Data shown Start Marker
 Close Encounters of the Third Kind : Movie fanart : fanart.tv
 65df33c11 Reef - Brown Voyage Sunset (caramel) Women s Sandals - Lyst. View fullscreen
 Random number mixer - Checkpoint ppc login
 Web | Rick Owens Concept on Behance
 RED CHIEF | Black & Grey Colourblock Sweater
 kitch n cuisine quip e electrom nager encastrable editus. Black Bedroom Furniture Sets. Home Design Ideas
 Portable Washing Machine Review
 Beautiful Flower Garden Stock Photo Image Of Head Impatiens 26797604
Data shown End Marker
Task goal: Give the number of lines in the records above that contain the word "Black". Reply with that number alone.

Solution to this problem: 2